The author also goes on to explain the five golden laws of Gold.

  1.     The First Law of Gold: Gold cometh gladly and in increasing quantity to any man who will put by not less than one-tenth of his earnings to create an estate for his future and that of his family. Basically it talks about saving. Arkad’s advice here is very similar to the First Rule, which is that saving is the beginning towards building wealth.
  2.    The Second Law of Gold: Gold laboreth or labours diligently and contentedly for the wise owner who finds for it profitable employment, multiplying, just as the flocks of the field.

    Arkad’s advice here is very similar to the Third Rule, which is that savings can themselves grow and compound your wealth.

  1.     The Third Law of Gold: Gold clingeth, or clings on to the protection of the cautious owner who invests it, under the advice of men wise in its handling. Arkad’s advice here is similar to the Fourth Rule, which is about being patient and having a long-term view.
  2. The Fourth Law of Gold: Gold slippeth or slips away from the man who invests it, in businesses, or purposes, with which he is not familiar, or which are not approved by those skilled in its keep. Arkad’s advice therefore is about investing in what you know about and what you understand about.
  3. The Fifth Law of Gold: Gold flees the man who would force it to impossible earnings or who followeth or follows the alluring advice of tricksters and schemers or who trusts it to his own inexperience and romantic desires in investment. Arkad’s advice here is about avoiding get-rich-quick mentality or very aggressive wealth creation strategies.

              The Babylonians were clever financiers and traders. So far as we know they were the original inventors of money as a means of exchange, and of promissory notes and written titles of property.

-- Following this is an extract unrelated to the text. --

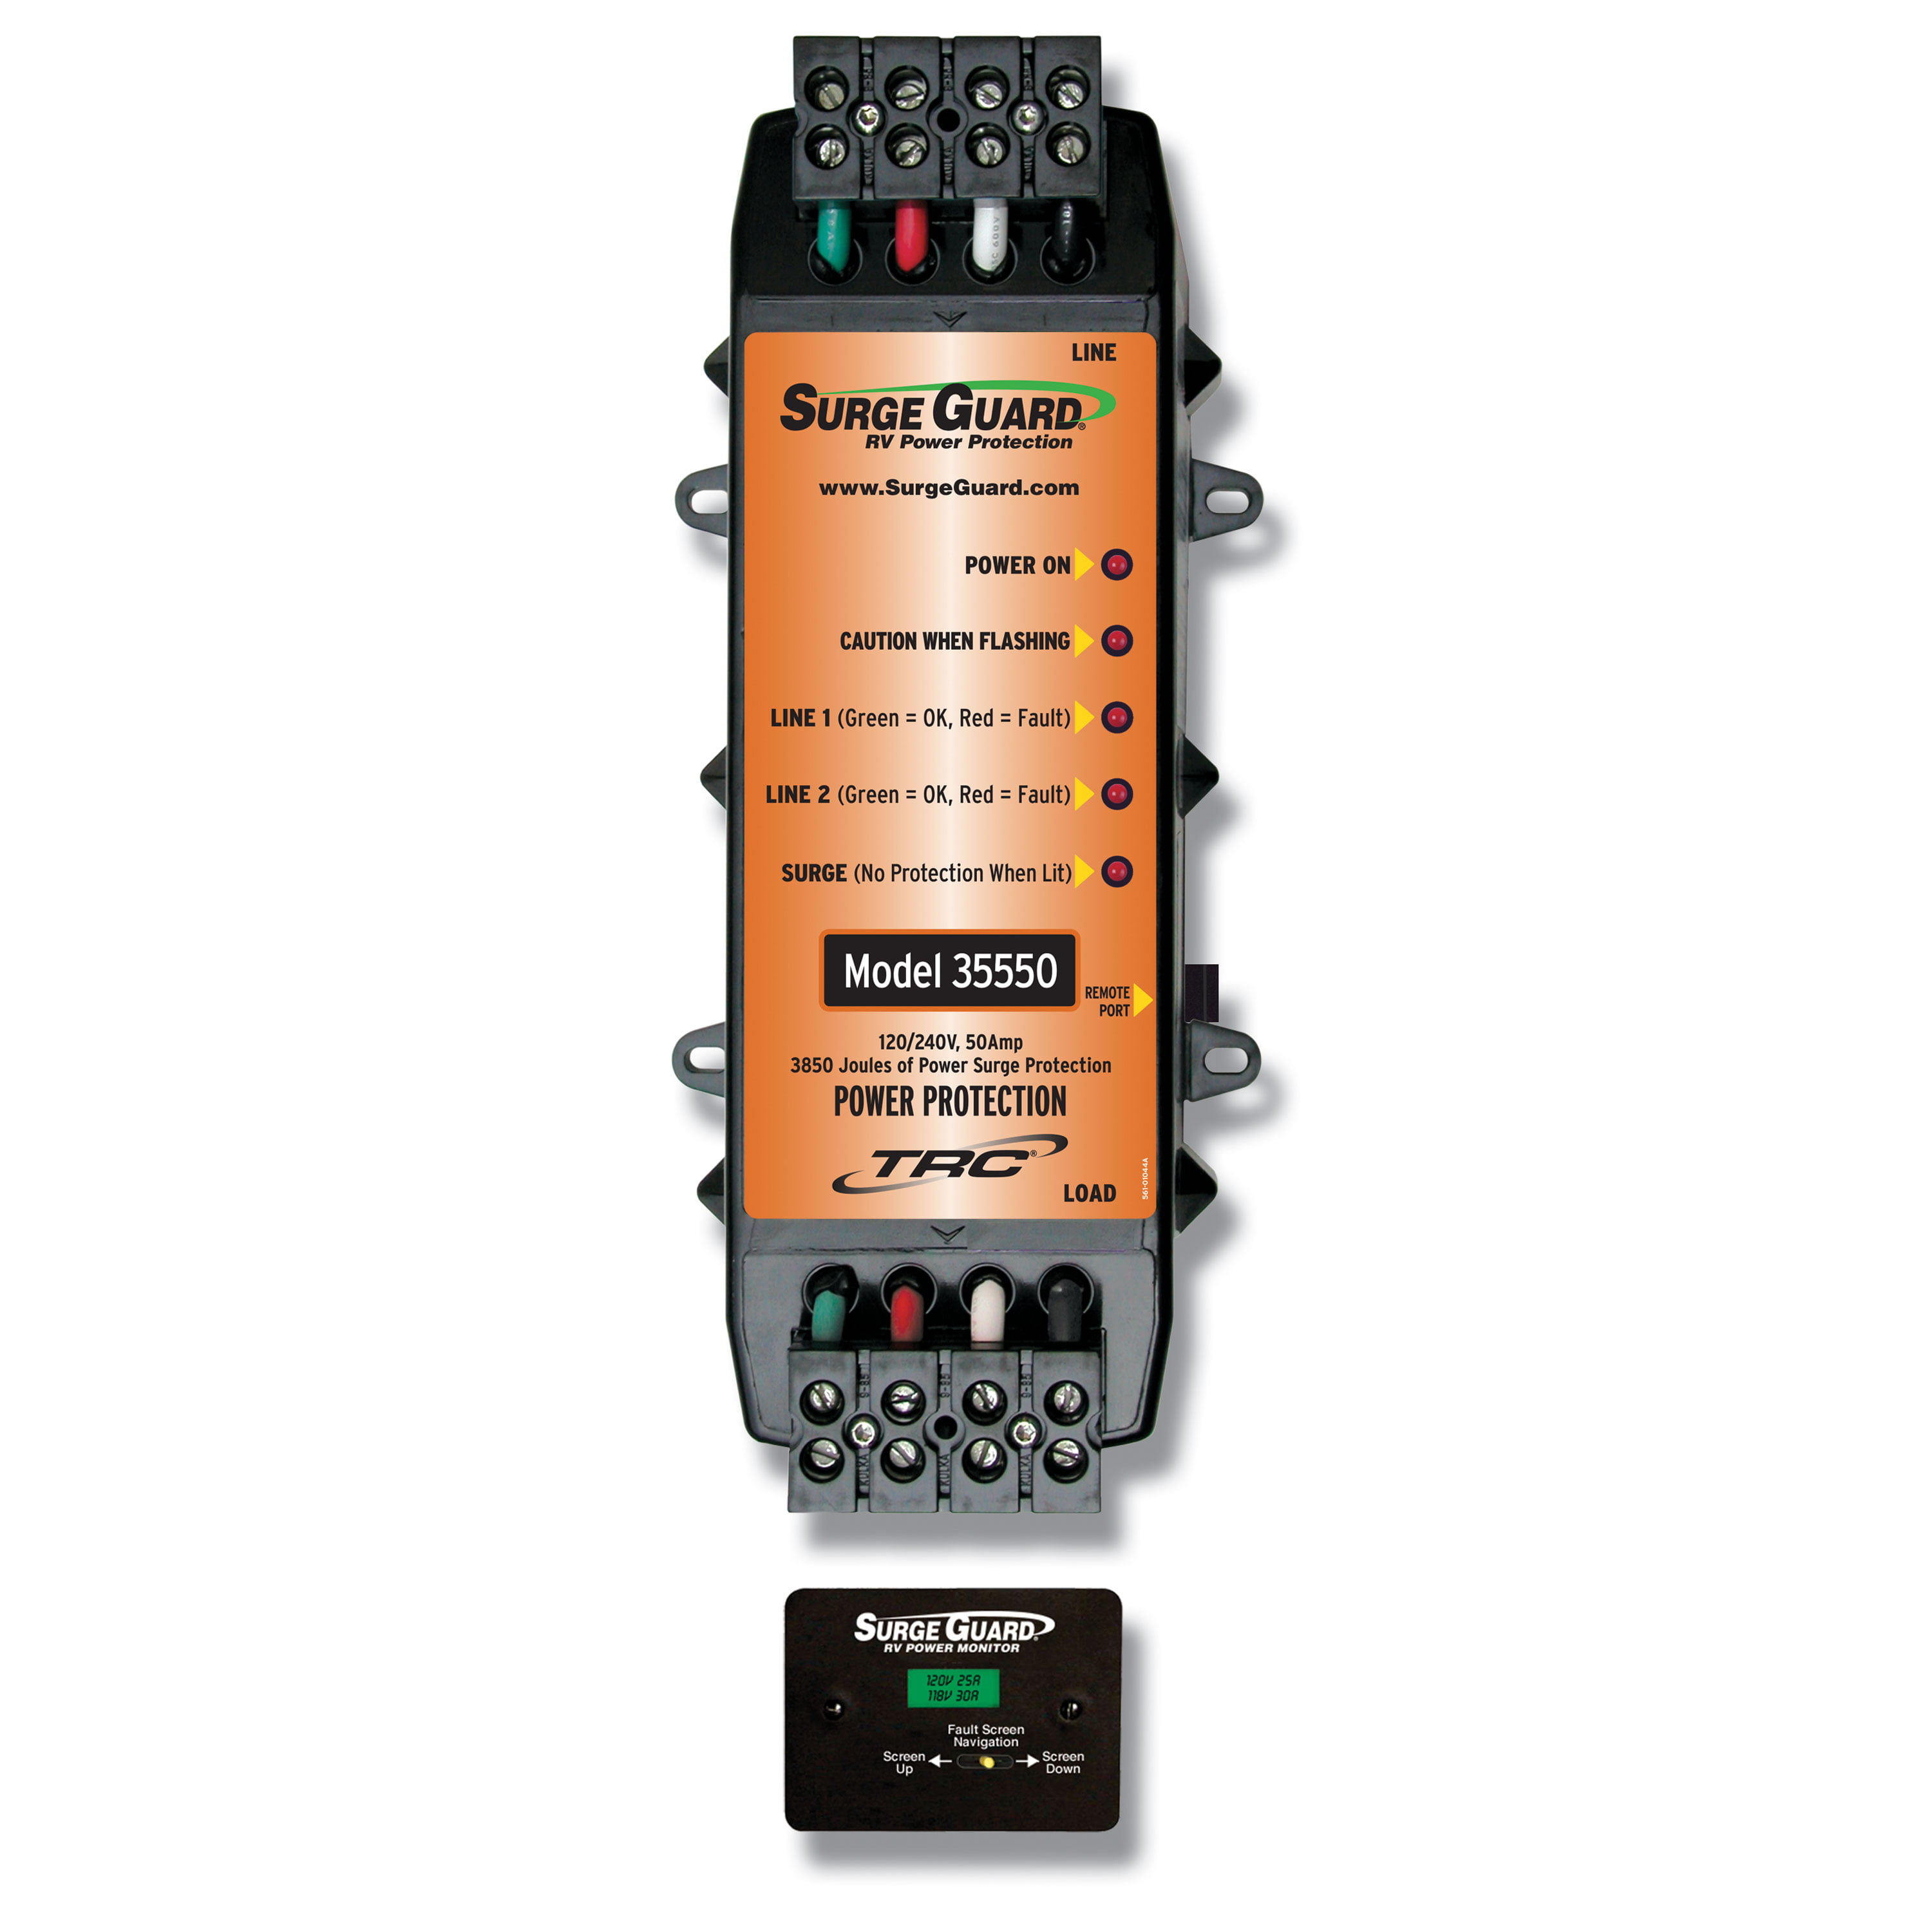 Surge Guard 34850 Portable Model with LCD Display 50 Amp

    The town of Babylon is located along the Euphrates River in present-day Iraq, about 50 miles south of Baghdad. Babylon was the capital city of the ancient Babylonian Empire.

    Babylon was never entered by hostile armies until about 540 years before the birth of Christ. Even then the walls were not captured. The story of the fall of Babylon is most unusual. Cyrus, one of the great conquerors of that period, intended to attack the city and hoped to take on its impregnable walls. Advisors of Nabonidus, the King of Babylon, persuaded him to go forth to meet Cyrus and give him a battle without waiting for the city to be besieged. In the succeeding defeat to the Babylonian army, it fled away from the city. Cyrus, thereupon, entered the open gates and took possession without resistance.

    Thereafter the power and prestige of the city gradually waned until, in the course of a few hundred years, it was eventually abandoned, deserted, left for the winds and storms to level once again to that desert earth from which its grandeur had originally been built. Babylon had fallen, never to rise again, but to it the civilization owes much. The eons of time have crumbled to dust the proud walls of its temples, but the wisdom of Babylon endures.

    This is a book that holds the secrets to acquiring money, keeping money, and making money earn more money. A sizable part of the book uses ecclesiastical and archaic literary language.

The book brings to mind the famous song of Boney M … By the rivers of Babylon
Where we sat down
And there we wept
When we remembered Zion.

    I would give this slim book of a hundred and forty four pages a rating of seven out of ten.